Now, to send that result from within the fn(), you can return a value either from a sync or an async function. Since many math intensive processes are synchronous, this is a great way to unblock the main thread while doing heavy work in a secondary thread:

// Simple return for sync operations. This will be made parallel and thus async
var work = uwork(function intensive(args) {

  // heavy work here

  return 42;
});

Using Async/Await it also has a very clean syntax:

// Using promises
var work = uwork(async (number = 10000) => {

  // heavy work here

  return 42;
});

Note that the code above is equivalent to the following:

// Using promises
var findPi = uwork((number = 10000) => {
  return new Promise((resolve, reject) => {

    // heavy work here

    resolve(42);
  });
});

The coolest thing is that the function interface is compatible with normal Javascript code, you just wrap it around:

// Perform the work in a single thread but async
const work = async () => {

  // heavy work here

  return 42;
};

const res = await Promise.all([work(), work(), work(), work()]);
// Just wrap uwork() around it to make it parallel
const work = uwork(async () => {

  // heavy work here

  return 42;
});

const res = await Promise.all([work(), work(), work(), work()]);

Error handling

Follows standard promise error handling:

try {
  const pi = await findPi(20000);
} catch (error) {
  console.error(error);
}

To reject the operation in both ways you can either return an Error (which will be stringified, read extra section) or throw it:

const findPi = uwork((number) => {
  if (number === 0) {
    // return new Error('Cannot iterate 0 times');
    throw new Error('Cannot iterate 0 times');
  }

  // heavy work here
});

Extra

There are some things that you should know. While Web Workers are great, they also have limitations. The main ones [for practical purposes] are:

Functions should be self-contained

This won't work for example:

var external = whatever => whatever;

var worker = uwork(function(){
  return external('Peter');
});

This is a limitation of the way we simplify web workers. We are basically getting the function, converting it into a string, creating a virtual script and executing it there (not too different from eval).

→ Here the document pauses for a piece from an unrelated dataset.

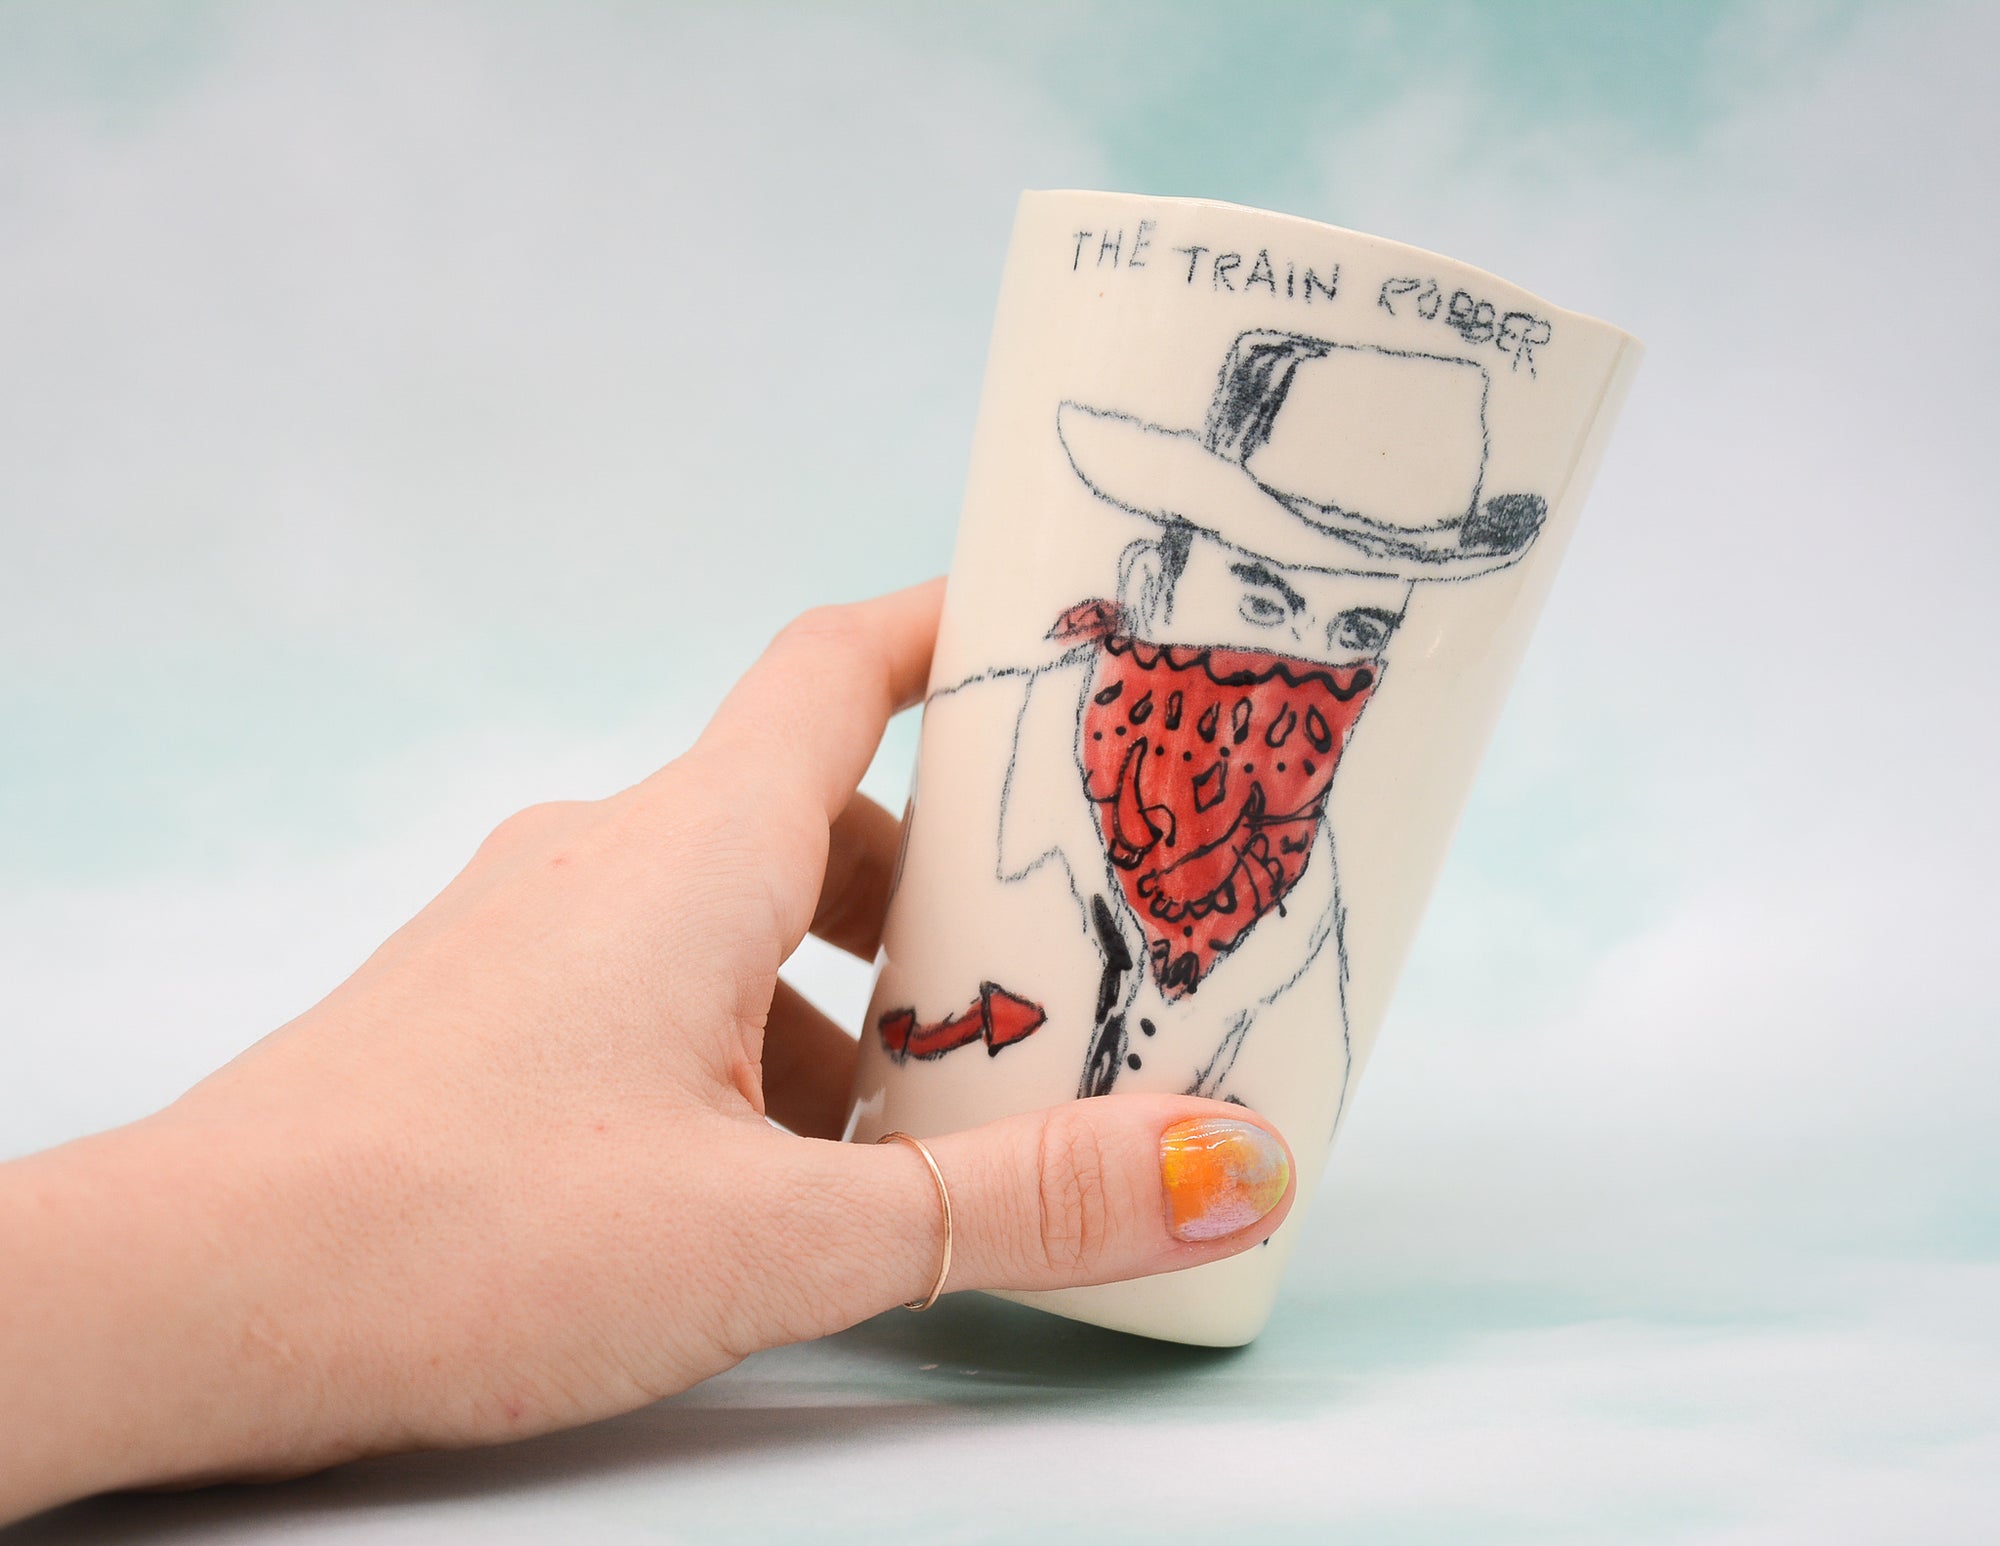 The Train Robber Cup

Values should be able toString()

Both the arguments you are passing and the result of the operation.

Security

Treat this as if it was using eval() internally or dig into the code and edit this document if you know more than me.

Don't build anything dynamically (from the previous limitations is quite difficult anyway), just rely on this for math or CPU-intensive processes. Clean and validate your arguments.

Native workers

Native workers can communicate over time several messages, so this library is somewhat limiting that in exchange for a much simpler API. If you like this I recommend you dig into them.